A Prosthetic Arm That Acts Like a Real One
Patients use nerves left intact after amputations to control prosthetic limbs.
A new technique that capitalizes on remaining nerves allows amputees to intuitively control their prosthetic limb, providing them with a much better level of control than traditional prosthetics.
In a paper published today in The Lancet, scientists at the Rehabilitation Institute of Chicago described a procedure to surgically transplant nerves from the shoulder to the upper-chest muscle of a woman who had lost her arm in a motorcycle accident. The rerouted nerves then grew into the muscle, which amplified the messages once sent to muscles in the arm and hand; those signals are read by sensors on the prosthetic limb and translated into movement. The patient also developed a surprising degree of sensory perception in the upper chest, which scientists say will be key in the next generation of prosthetics.
“It’s encouraging to see that even after an amputation, the same intention to move the limb can be harnessed to control a prosthetic limb in much the same way that the limb was previously controlled,” says Leigh Hochberg, a neurologist at Massachusetts General Hospital, in Boston, who wrote a commentary accompanying the paper.

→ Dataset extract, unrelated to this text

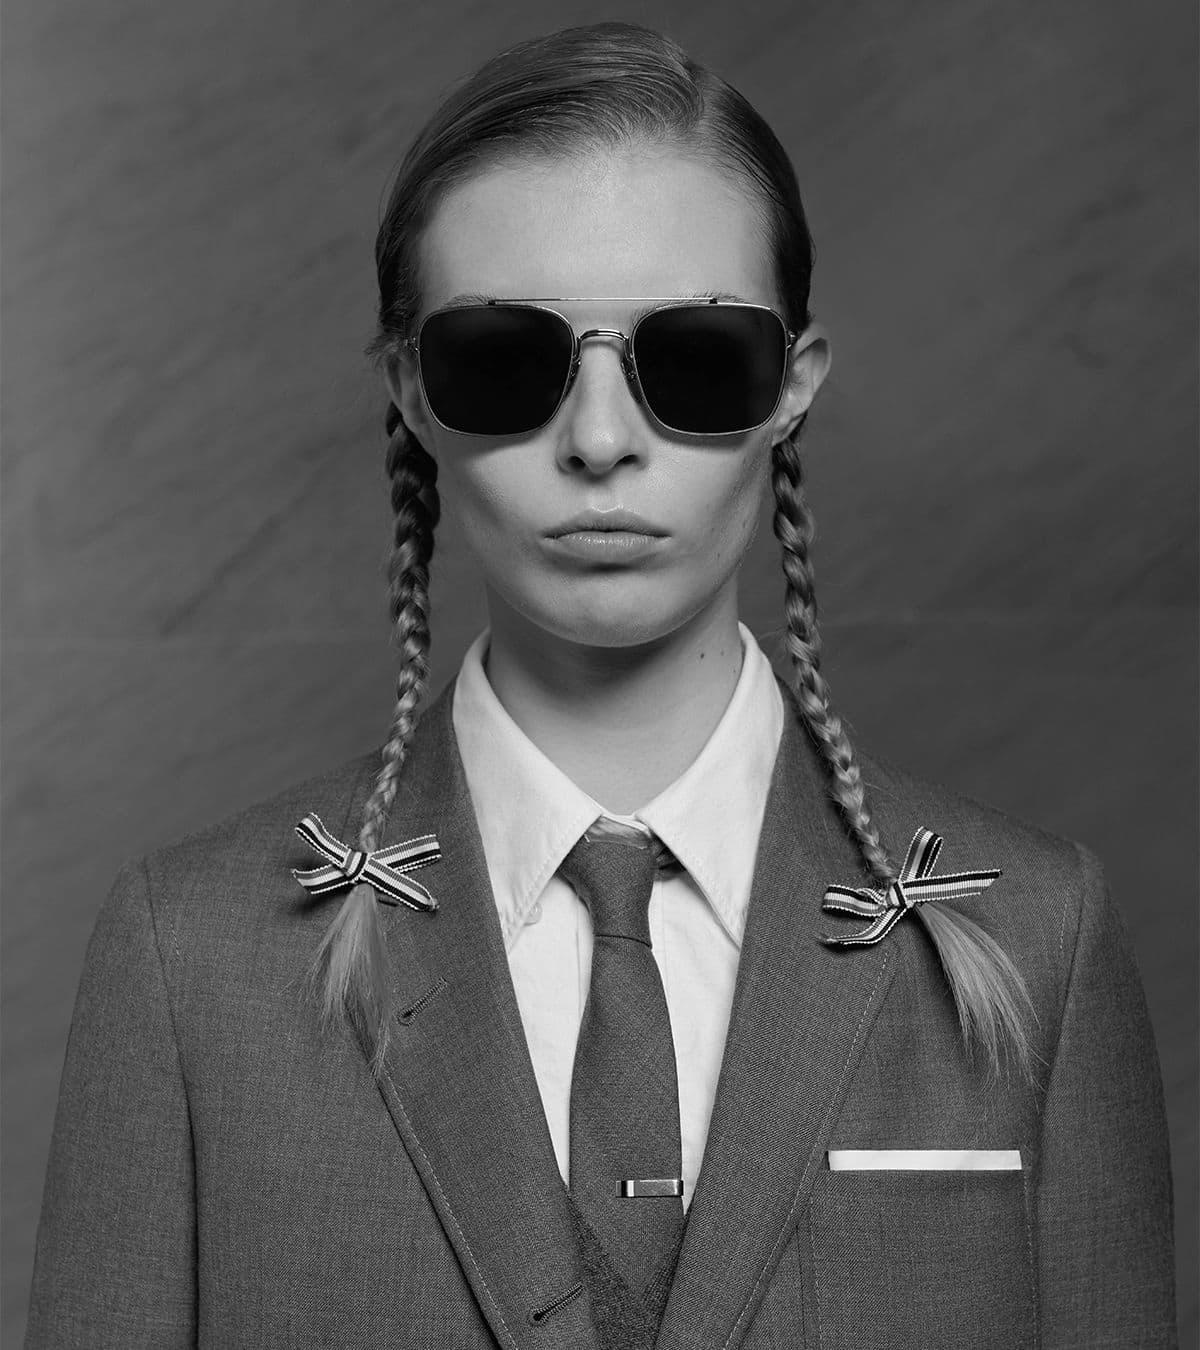 Thom Browne Eyewear 2021 Ad Campaign Photos

Most artificial arms are controlled by remaining muscles near the amputated limb. But the devices can be frustrating and slow: the user must consciously contract those muscles to trigger a movement, and only one movement can be performed at a time. Todd Kuiken and colleagues at the Rehabilitation Institute of Chicago developed a new, more intuitive method for controlling prosthetics that capitalizes on remaining nerves, which still carry neural signals meant for the lost limb.
The scientists transplanted to the upper chest both motor and sensory nerves that, prior to the amputation, would have traveled from the shoulder to muscles in the arm and hand. In the months after the surgery, the transplanted nerves grew into the chest muscle, eventually triggering twitches in the shoulder muscle when the patient thought about moving her hand or elbow. Scientists then mapped the precise pattern of muscle activity that occurred when the patient mentally executed specific movements, such as grasping or moving the elbow. Liberating Technologies, a prosthetic-device company, then made a specialized prosthetic limb, which was programmed to sense muscle activity generated by the transplanted nerves and use it to control movement of a motorized elbow, wrist, and hand.
The patient was able to use her new arm within a few days, becoming four times as fast on movement tests as she was with her traditional prosthetic. She reported that the new device was much easier and more natural to use, and she could move the hand, wrist, and elbow simultaneously. “This is a really innovative approach and has the potential to improve the control that people using these myoelectric prostheses have,” says Robert Kirsch , associate director of the Functional Electrical Stimulation Center at Louis Stokes Veterans Affairs Medical Center, in Cleveland.